Assignment
Transcribe the listing in full, excluding any pictures.

Information provided
§ §

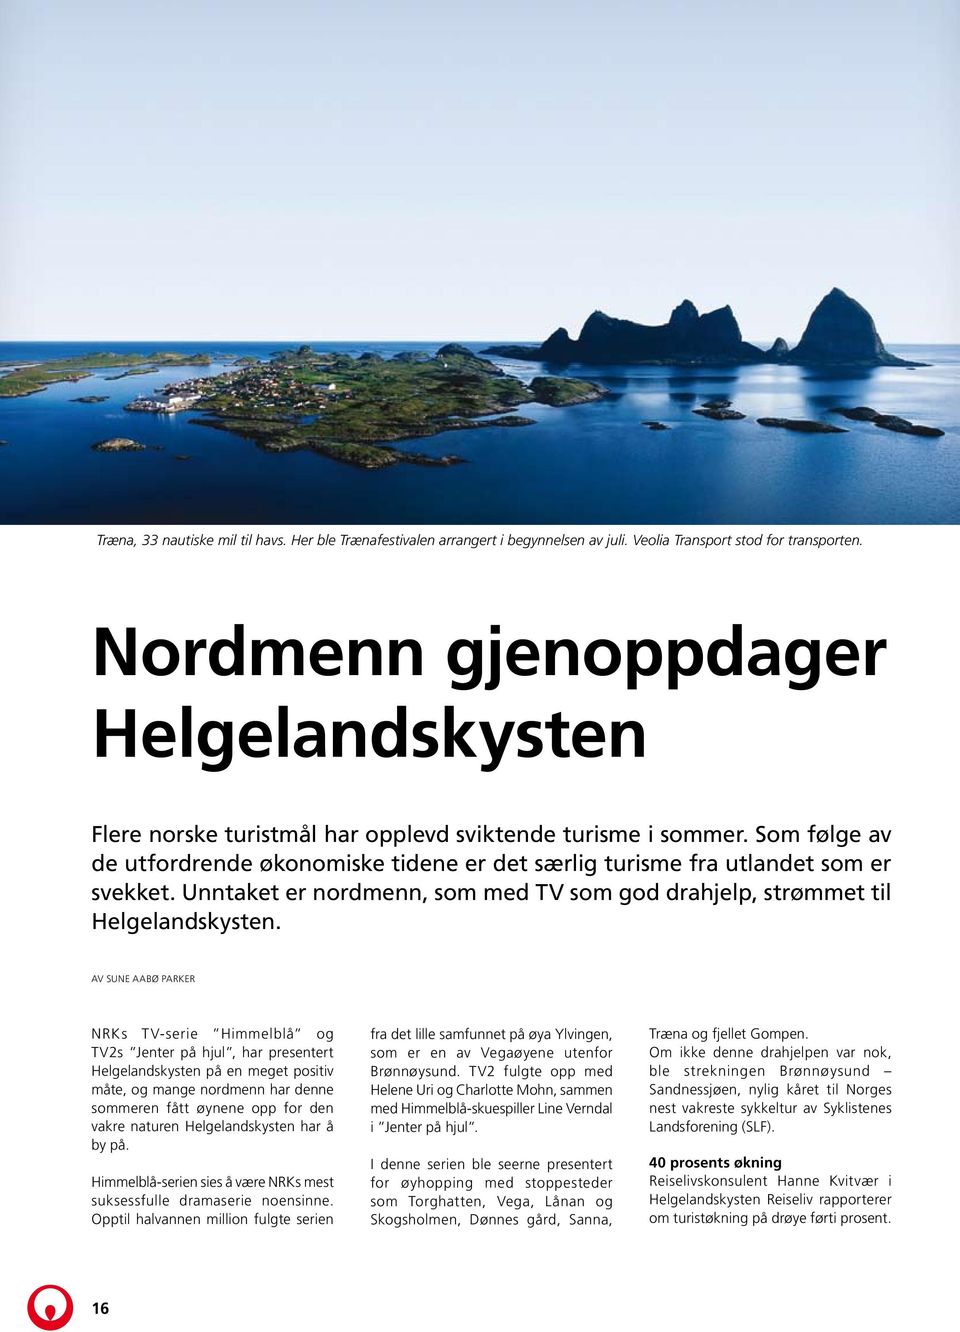 Unntaket er nordmenn, som med TV som god drahjelp, strømmet til Helgelandskysten.
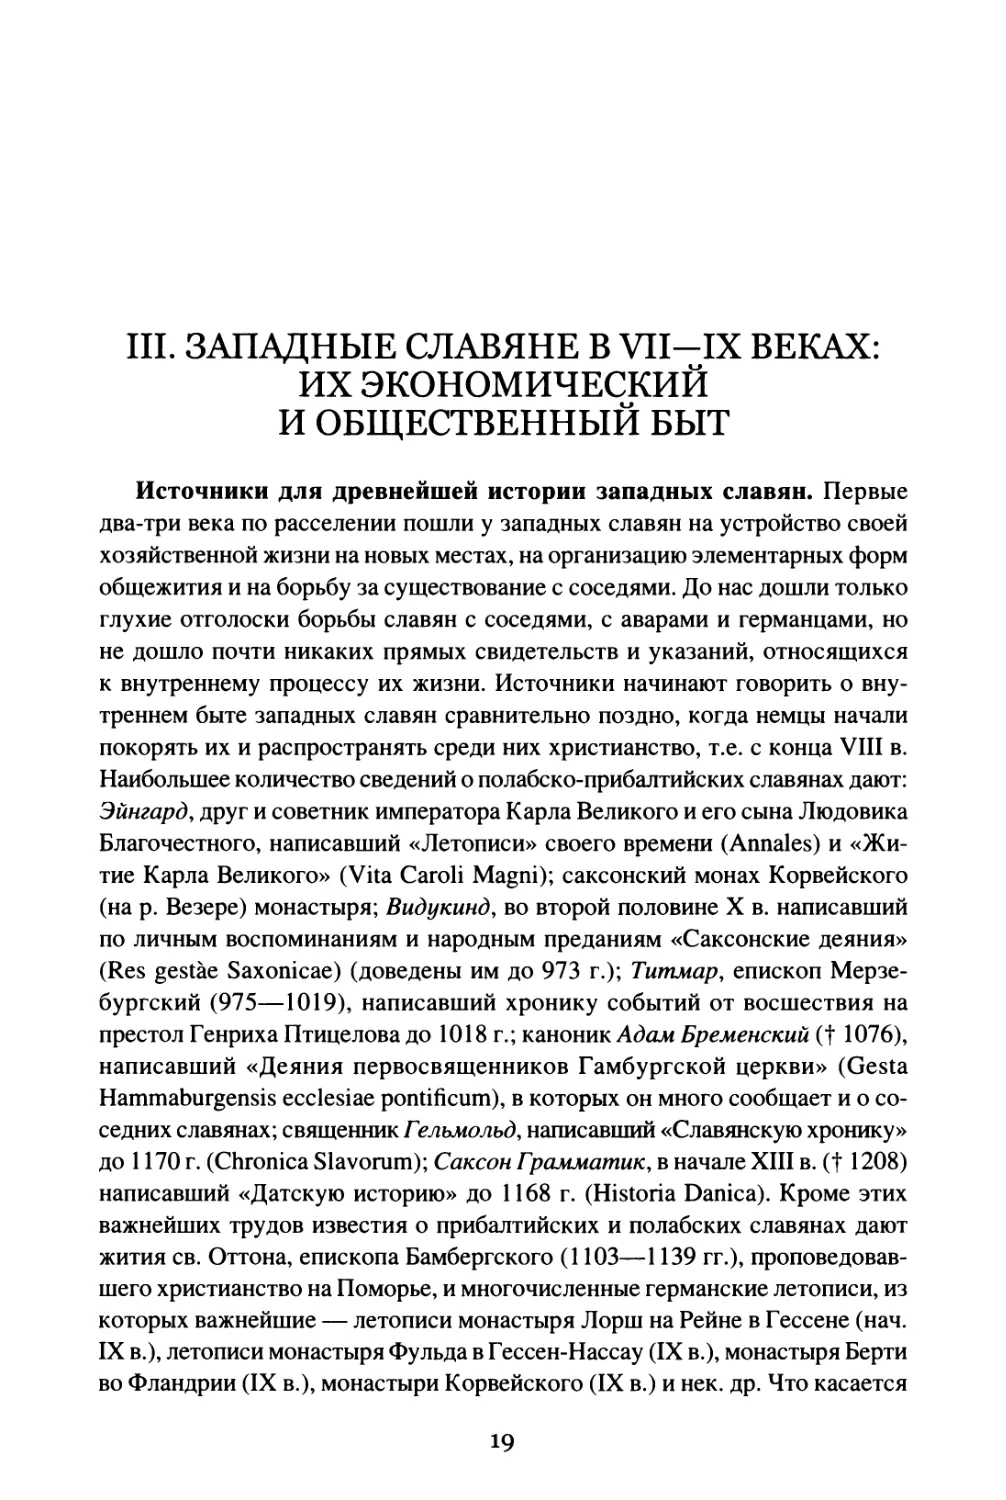 III. Западные славяне в VII—IX веках: их экономический и общественный быт
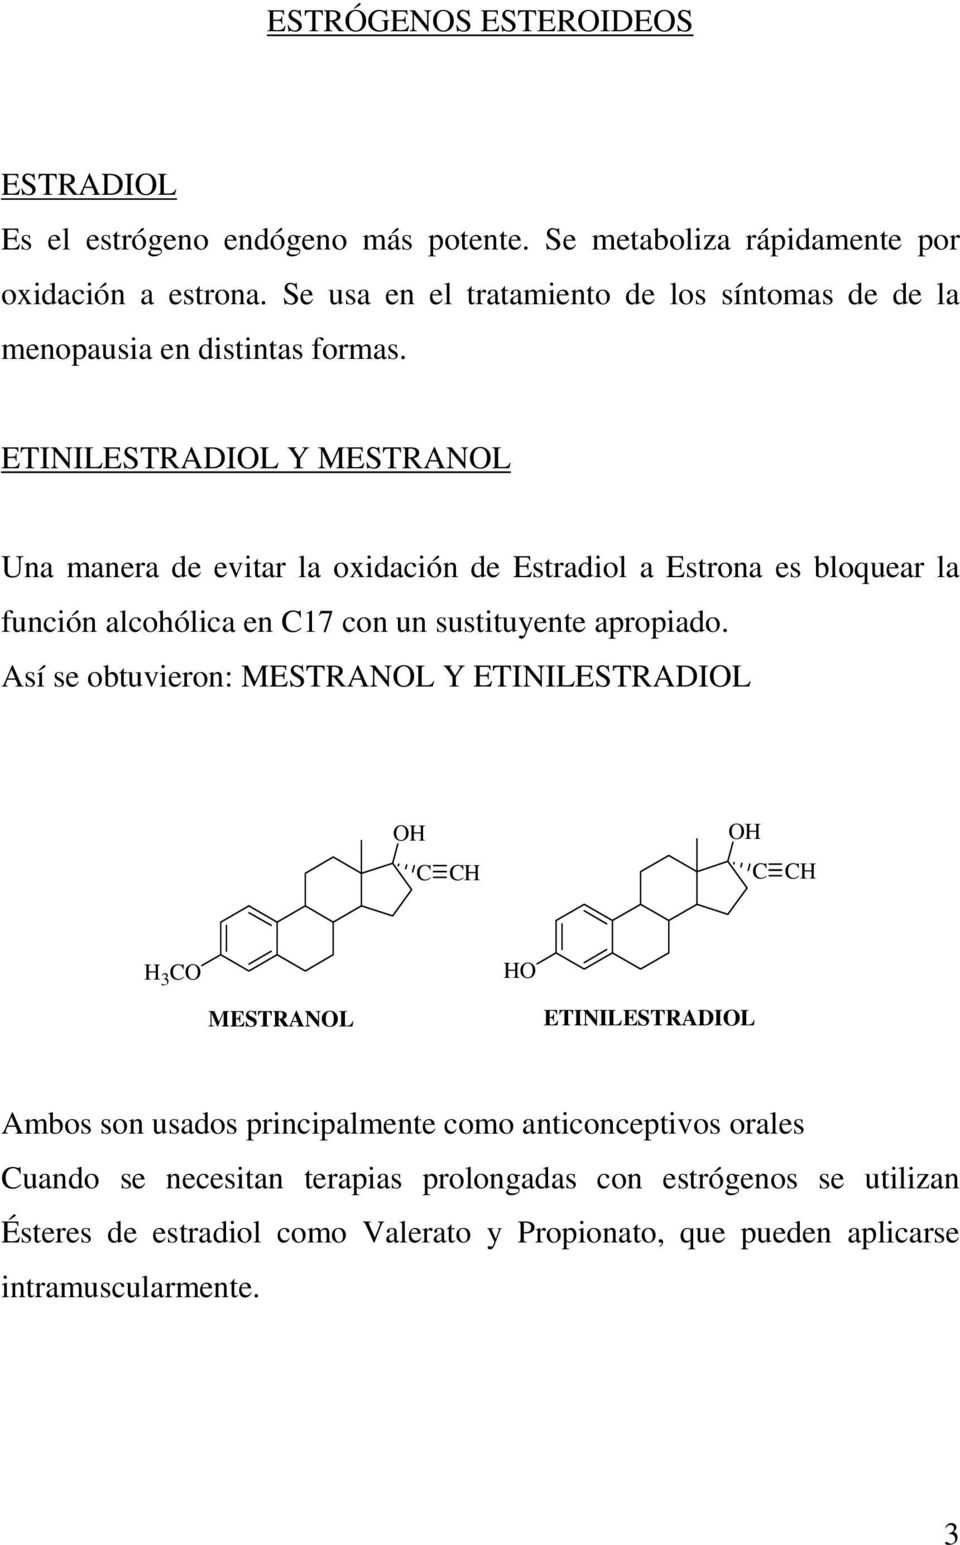 ETINILESTRADIL Y MESTRANL Una manera de evitar la oxidación de Estradiol a Estrona es bloquear la función alcohólica en C17 con un sustituyente apropiado.
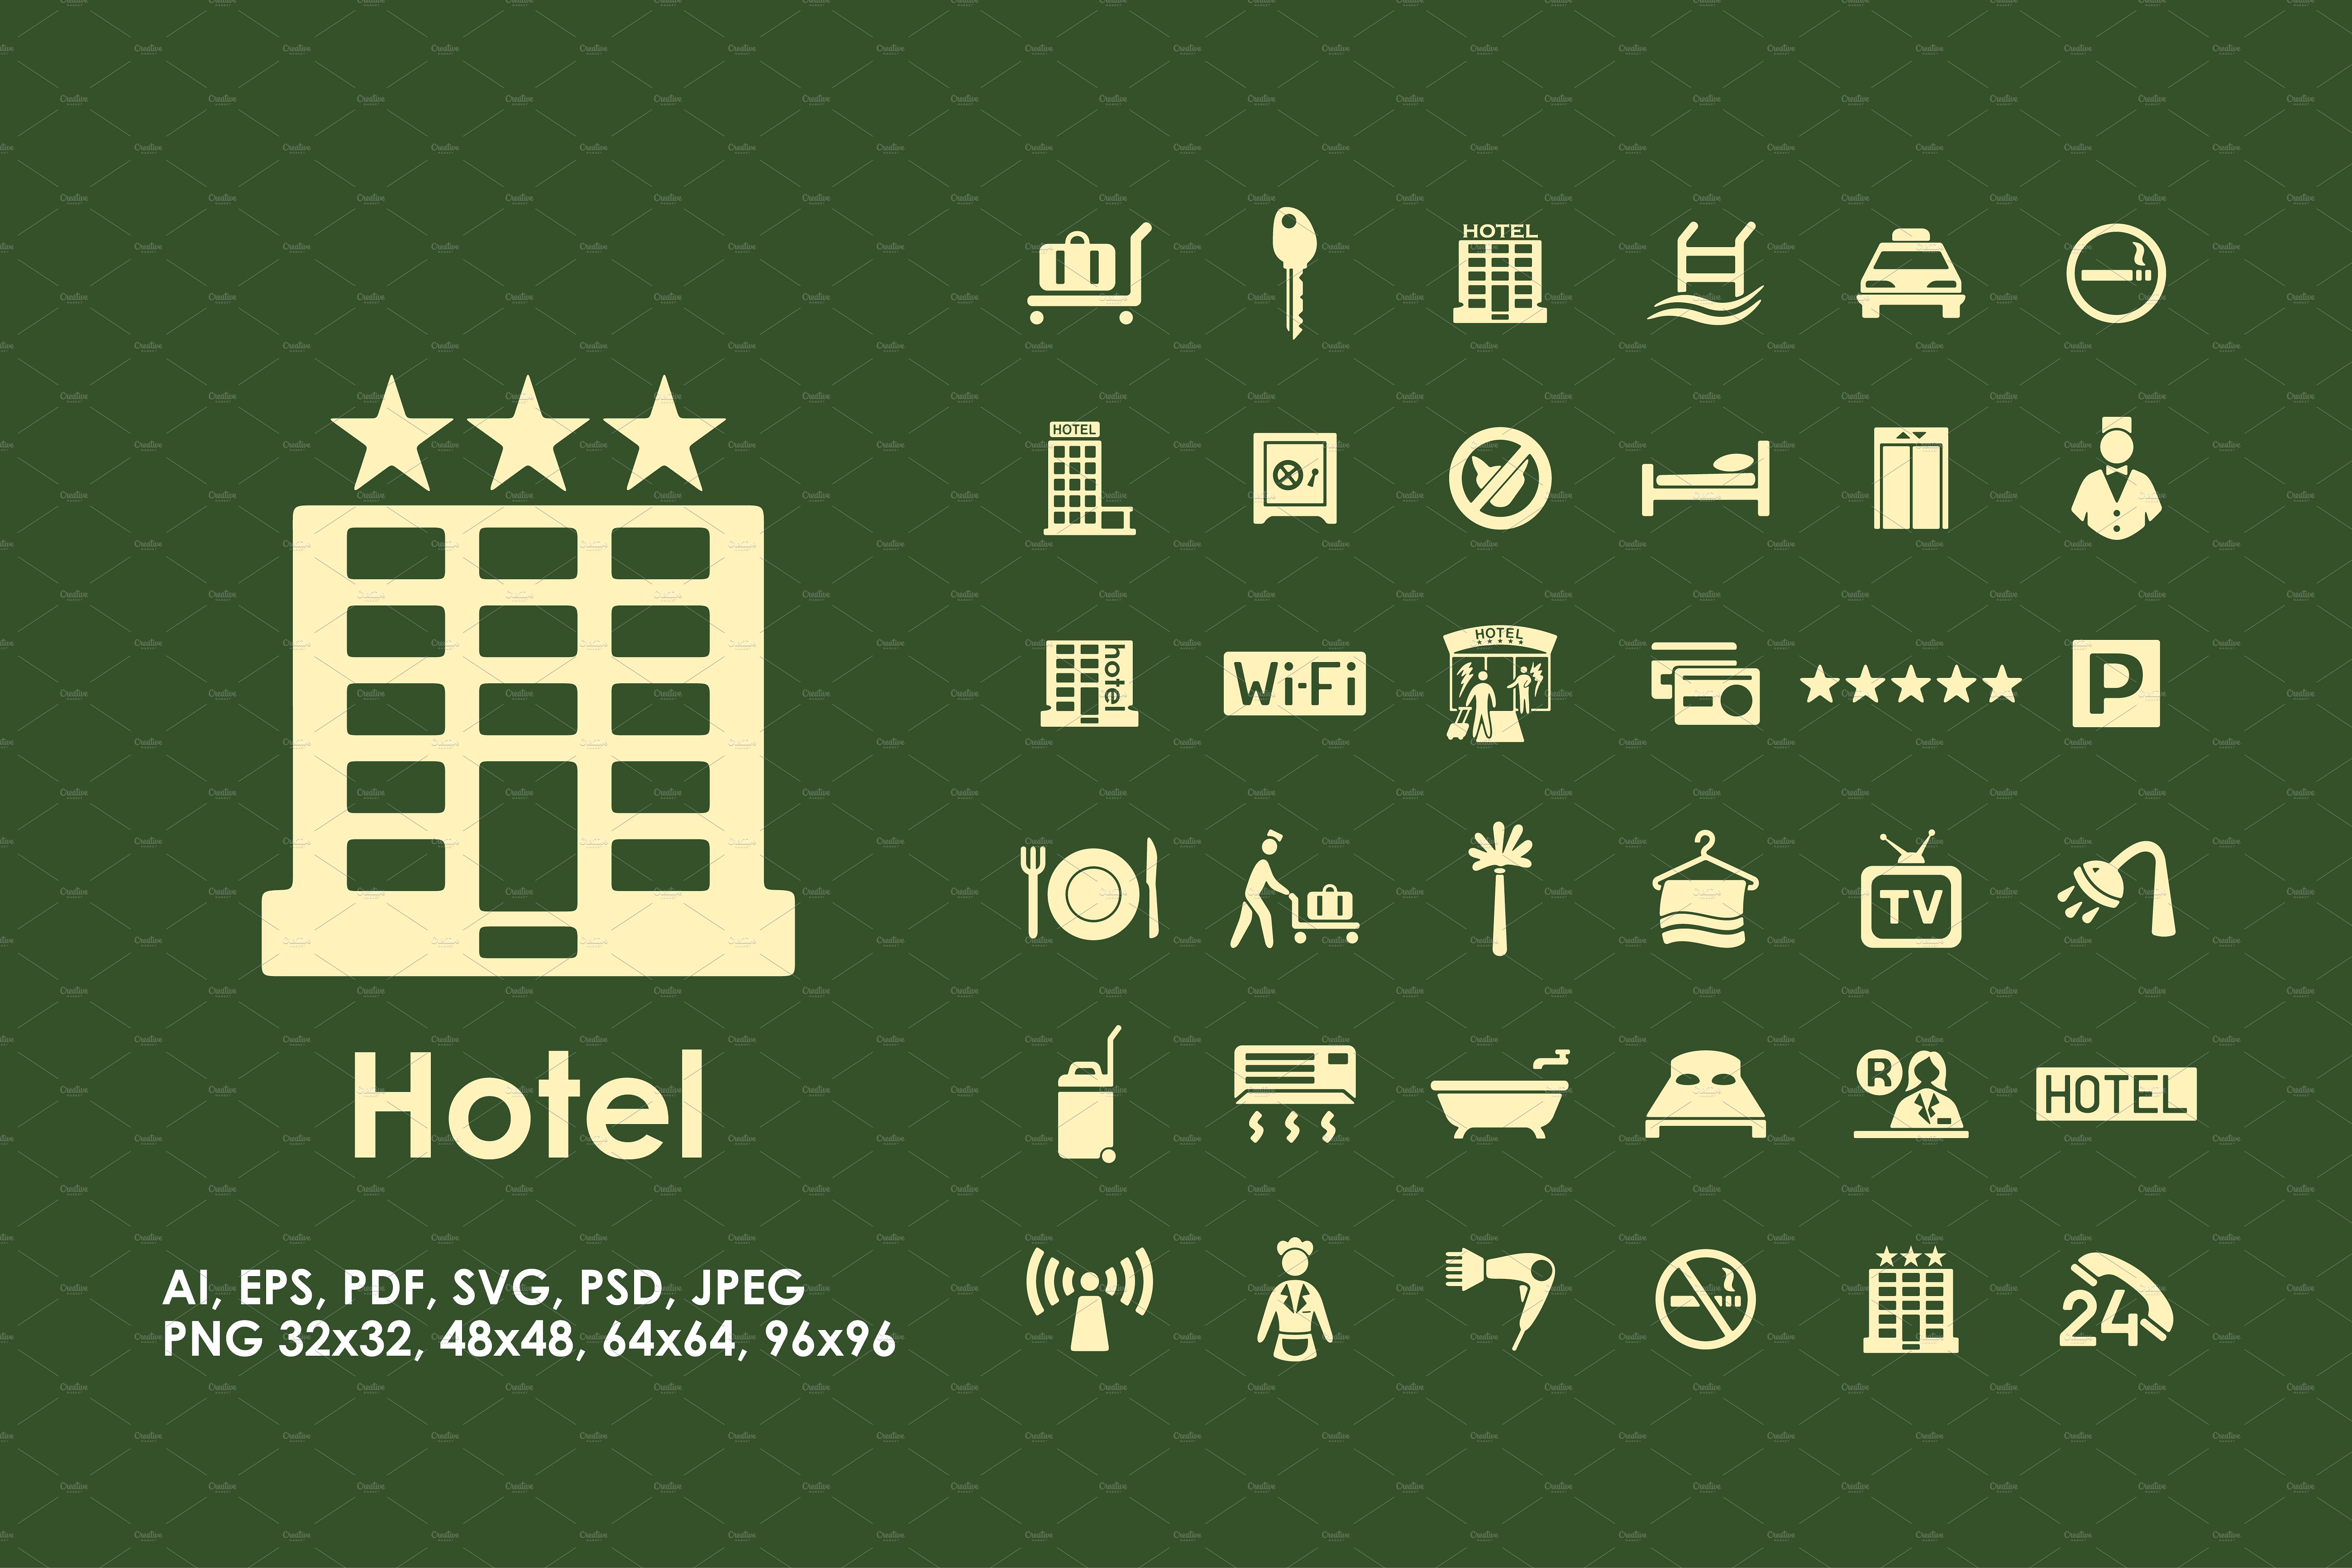 36枚酒店住宿主题图标 36 hotel icons插图

§ §

Task output
 Unntaket er nordmenn, som med TV som god drahjelp, strømmet til Helgelandskysten.
 III. Западные славяне в VII—IX веках: их экономический и общественный быт
 ETINILESTRADIL Y MESTRANL Una manera de evitar la oxidación de Estradiol a Estrona es bloquear la función alcohólica en C17 con un sustituyente apropiado.
 36枚酒店住宿主题图标 36 hotel icons插图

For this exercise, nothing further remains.